It's expensive and could be faster, but the Priv is a return to form for BlackBerry that elegantly combines a keyboard with a modern phone
Processor: Hexa-core 1.8GHz Qualcomm Snapdragon 808, Screen Size: 5.4in, Screen resolution: 2,560×1,440, Rear camera: 18 megapixels, Storage: 32GB (24GB), Wireless data: 3G, 4G, Size: 147x77x9.4mm, Weight: 192g, Operating system: Android 5.1.1
Considering BlackBerry’s raison d’être is security, it seems odd to me that there isn’t a fingerprint sensor here. The Priv does offer several ways to lock your phone, including a picture password, but when a lot of high-end Android phones are now moving towards including fingerprint sensors, it seems strange that BlackBerry hasn’t followed suit.
BlackBerry’s DTEK app was also a little disappointing. This one-stop security service app does several things right, such as telling you how to improve your phone’s overall security and giving you the option to encrypt your data, but its app overview isn’t quite as extensive as I would have hoped. This lets you know exactly what data your apps have access to and how many times it’s accessed those bits of data.

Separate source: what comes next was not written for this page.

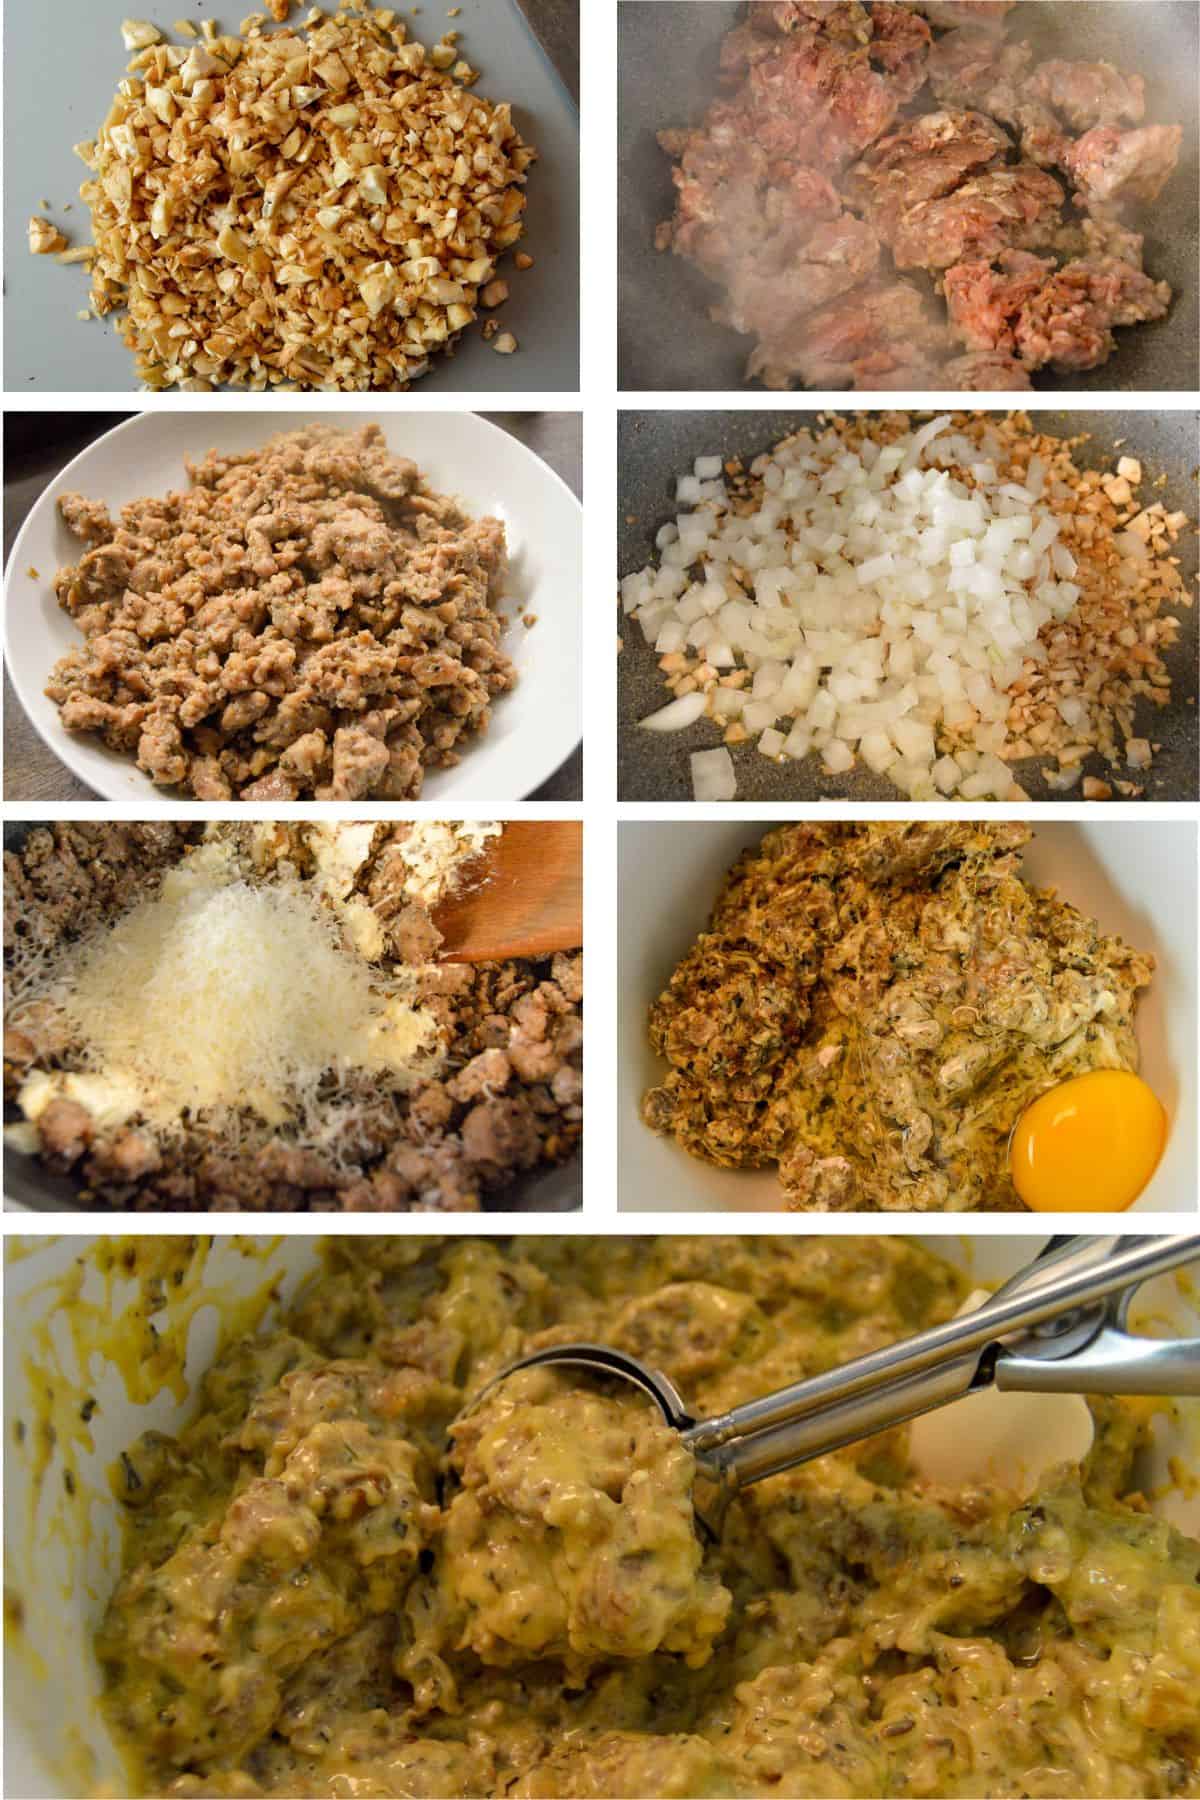 7 images for making sausage stuffing for mushrooms

^ DTEK’s app window will show you what information has been accessed by your apps, but short of uninstalling it, there’s not a lot you can do to stop it accessing it again
However, rather than giving you the option to alter individual app permissions, so you can keep your personal info under tight lock and key, the only options are to forcibly stop the app, uninstall it, or set up an alert for when that app tries to access something you think it shouldn’t, such as Dropbox attempting to use your microphone. This doesn’t strike me as being particularly useful, but it should be fixed once the Priv gets an Android 6.0 Marshmallow update, which BlackBerry promised would be coming in the New Year.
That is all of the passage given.